Como imaginei, a família de Pablo esqueceu o Magrelo na casa abandonada e eu o tornei a minha responsabilidade.
Cuidar do dragão era relativamente fácil, a única parte realmente desagradável era recolher as fezes. Já as frutas iriam durar por mais alguns dias, e eu me preocupava em descobrir onde iria conseguir mais, quando precisasse.
Magrelo precisaria aprender como se brinca com uma garota. Ele e Pablo tinham brincadeiras muito físicas nas quais o dragão o derrubava no chão e eles ficavam rolando por horas. Mais de uma vez Magrelo tentou fazer esse mesmo jogo comigo e levou uma bronca disciplinadora, pois poderia muito bem quebrar uma costela minha com o seu peso. Seria difícil conseguir socorro caso isso acontecesse, até então eu não havia notado como eu me tornei a única pessoa do reino que sabe da existência de tal dragão.
Ele se tornou uma boa companhia para mim e o responsável pela hora mais divertida do meu dia.
A hora mais chata do dia, certamente é a escola. Ao contrário do que eu imaginara, ninguém tocou no assunto de Pablo na minha frente, ao invés disso, se instaurou uma espécie de acordo mudo em que ninguém comenta assuntos ruins perto de mim, ninguém me contradiz, todos são extremamente simpáticos e dispostos a fazer qualquer favor para mim. Agradeço o esforço deles, mas gostaria muito que eles simplesmente agissem normalmente.

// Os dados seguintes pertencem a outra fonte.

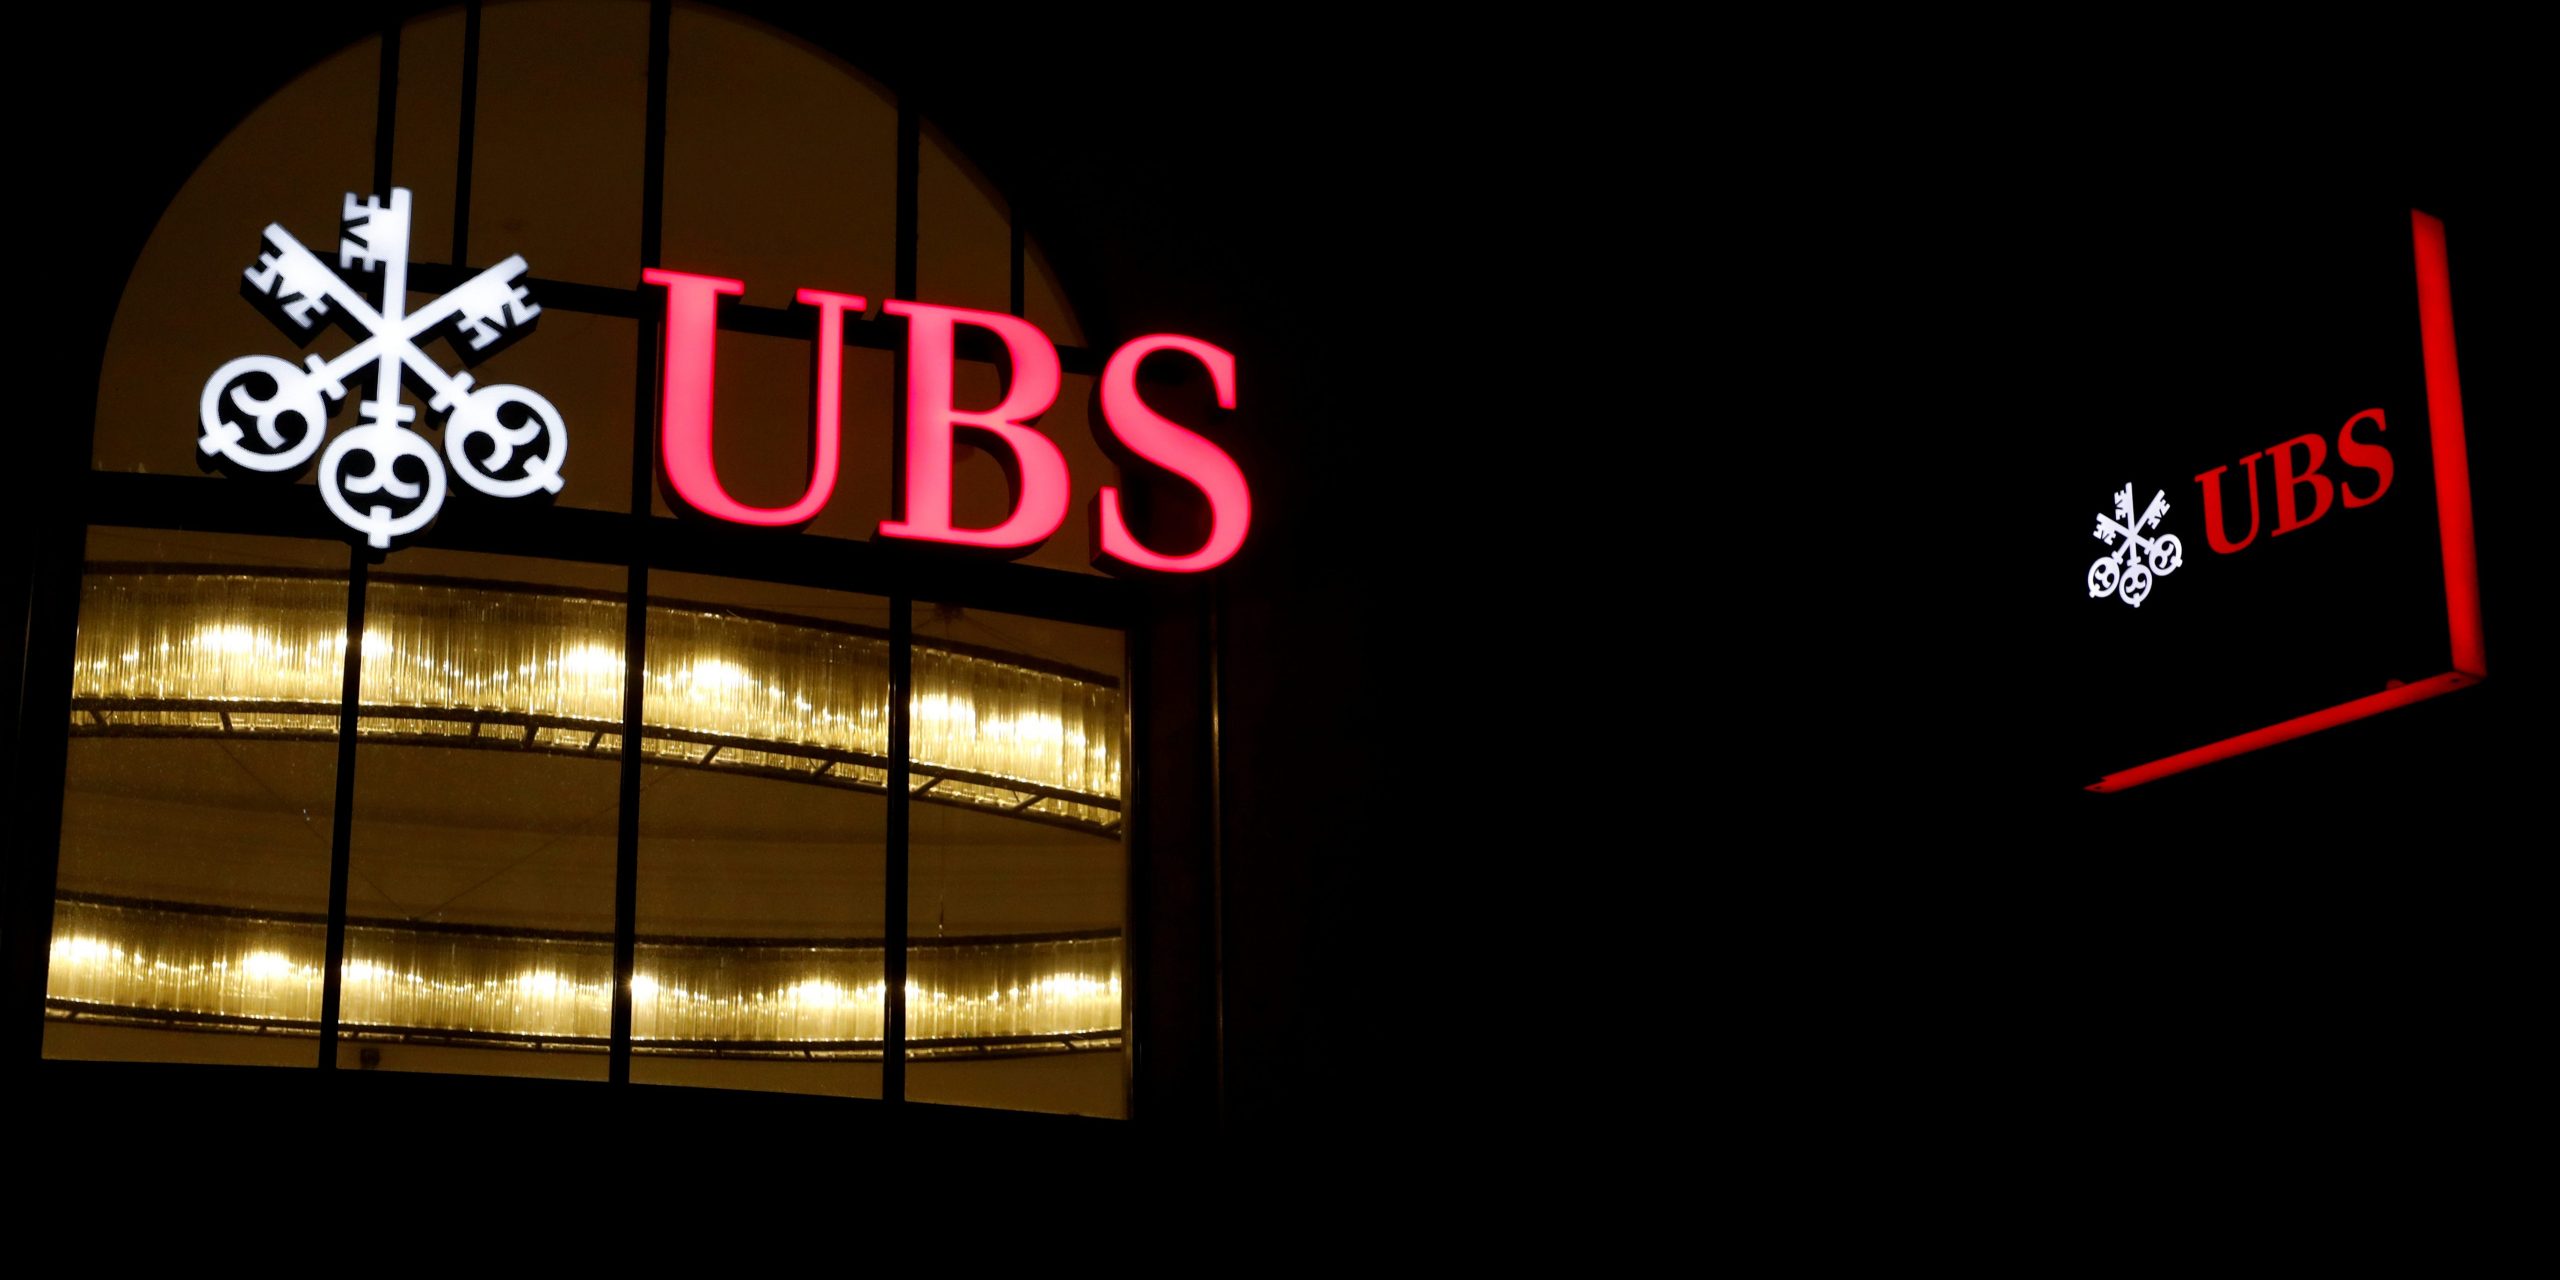 Top Swiss bank UBS smashes expectations with 99% rise in third-quarter net profit as trading and wealth management surge | Markets – Business Insider
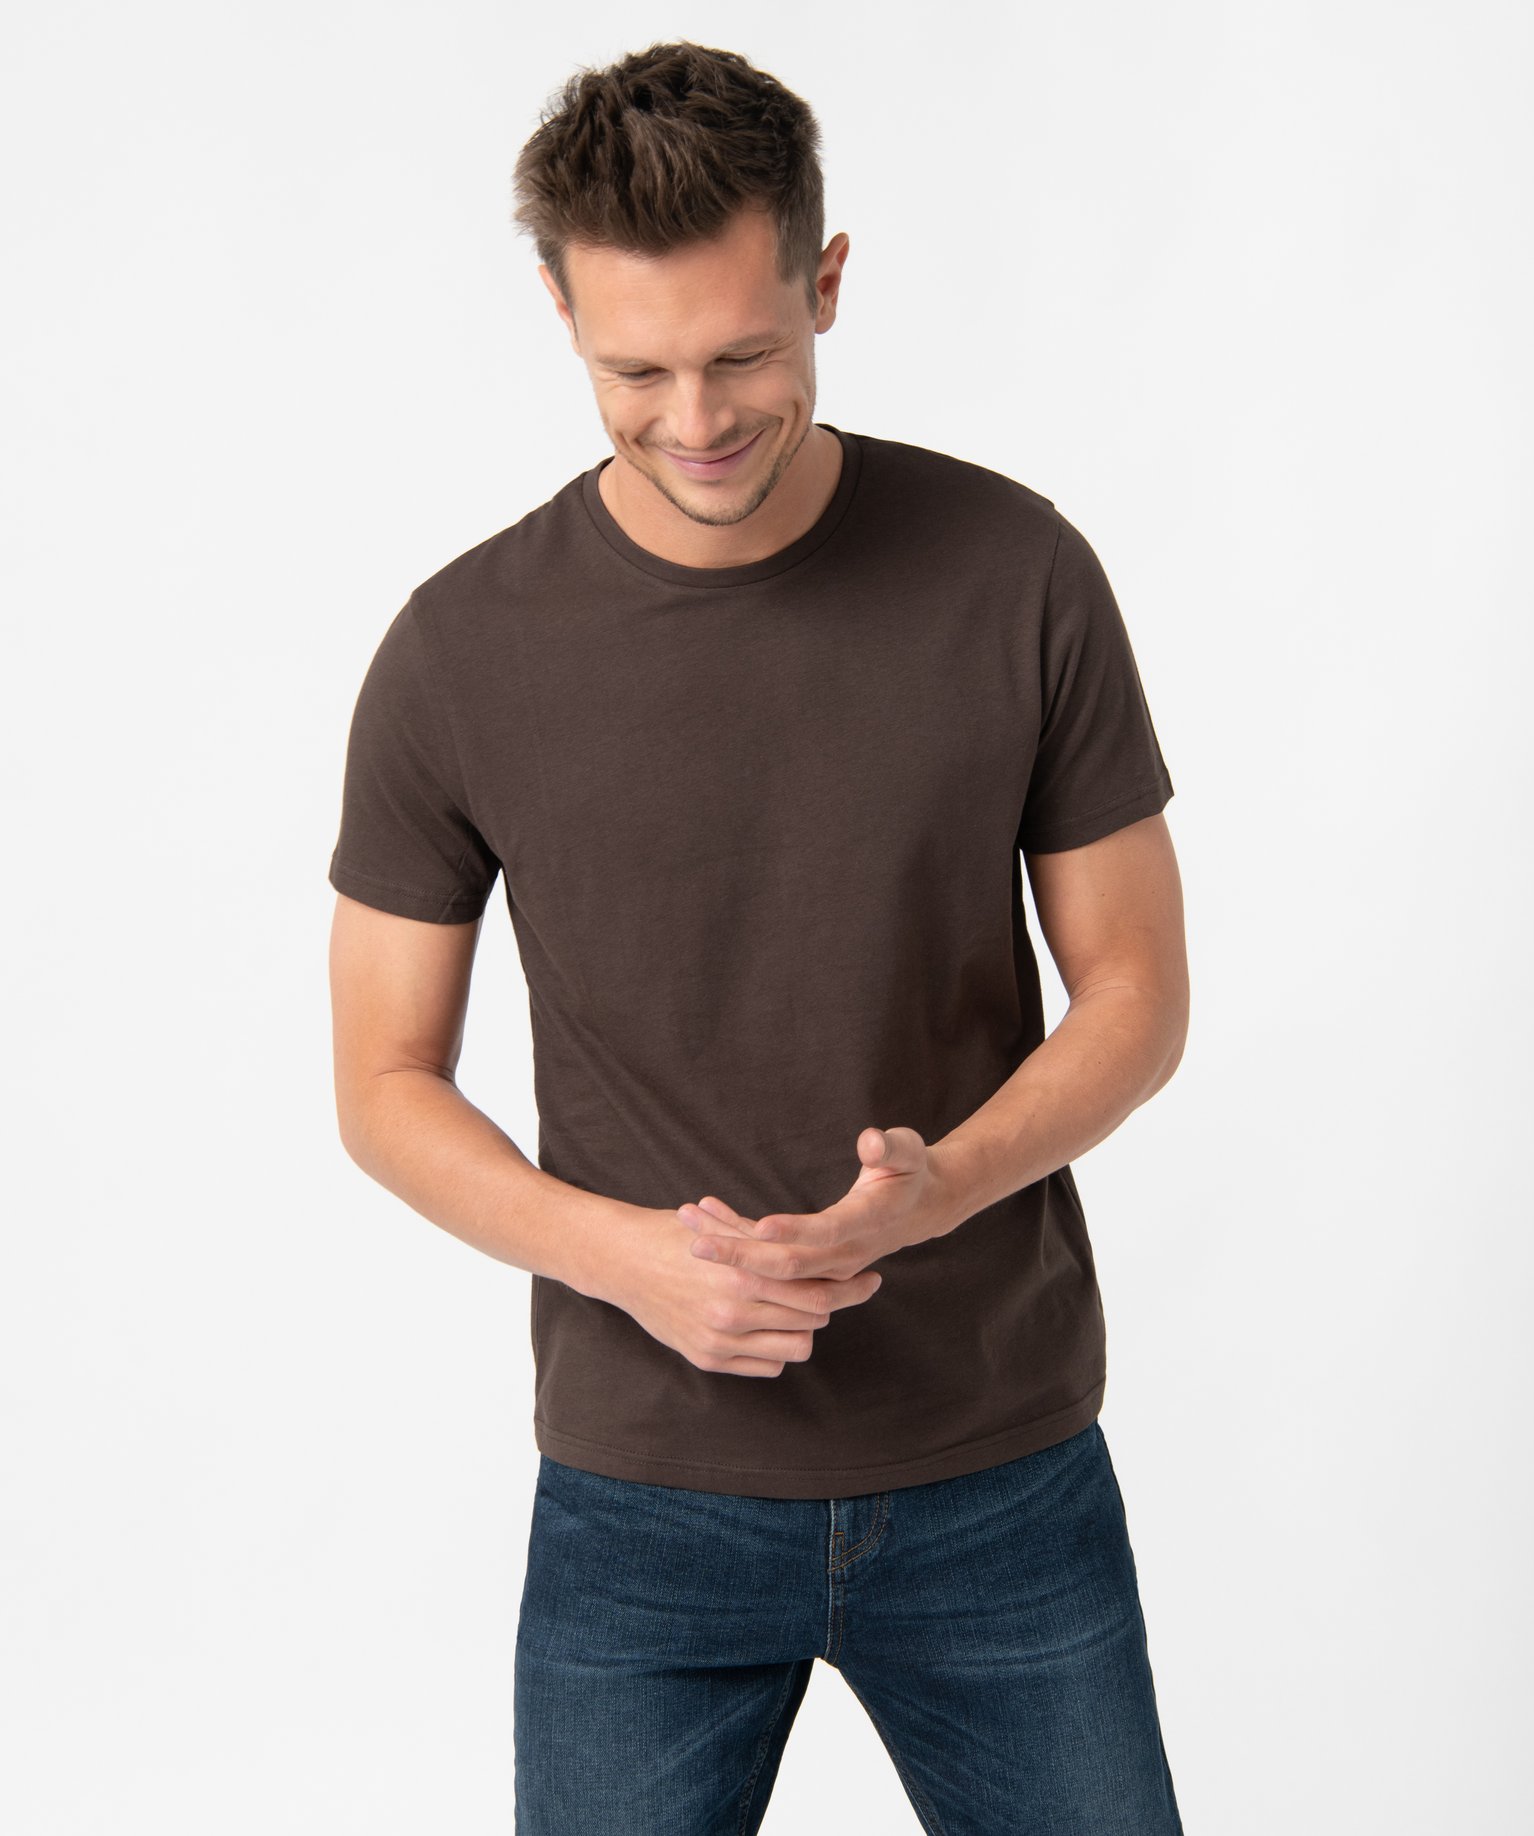 tee-shirt homme a manches courtes et col rond brun tee-shirts

Na saída da escola, uma mulher do alto do seus quarenta anos me esperava do lado de fora da escola, se aproximou de mim sorridente, tentei lembrar se conhecia aquele rosto de algum lugar, sem sucesso:
— Senhorita Melissa? — Perguntou.
Eu já havia aprendido que era um mau presságio sempre que chamavam uma camponesa de "senhorita".
— Sim. — Respondi.
— Poderíamos conversar, só um minutinho?
— Sobre o que seria?
— Sobre tudo — respondeu.
Puxou um crachá da bolsa que dizia "Anna Bea, jornal de Amberlin" e mostrou para mim.
— Não. — respondi e saí andando o mais rápido o que consegui. A insistente jornalista caminhou logo atrás de mim, me perseguindo esbaforida.
— Só uma palavrinha. Todos nós gostaríamos de saber mais sobre a sua história de amor com o Pablo, ele era muito querido por todo o reino.
— Não quero falar — continuei andando.
— Você não teria uma mensagem para mandar às centenas de fãs que choram com sua perda?
— Não.
— Você sentia muitos ciúmes do Pablo?
— Não quero falar.
— Você se sentiu traída quando notou que ele não lhe deixou nada de herança?
Uma voz imponente surgiu atrás de mim e da jornalista maldosa:
— Ela não quer falar.
Paramos de andar e procuramos a dona da voz. Imponente, em pé, com uma expressão severa no rosto, estava a última pessoa que eu esperava encontrar naquele momento: princesa Isabel.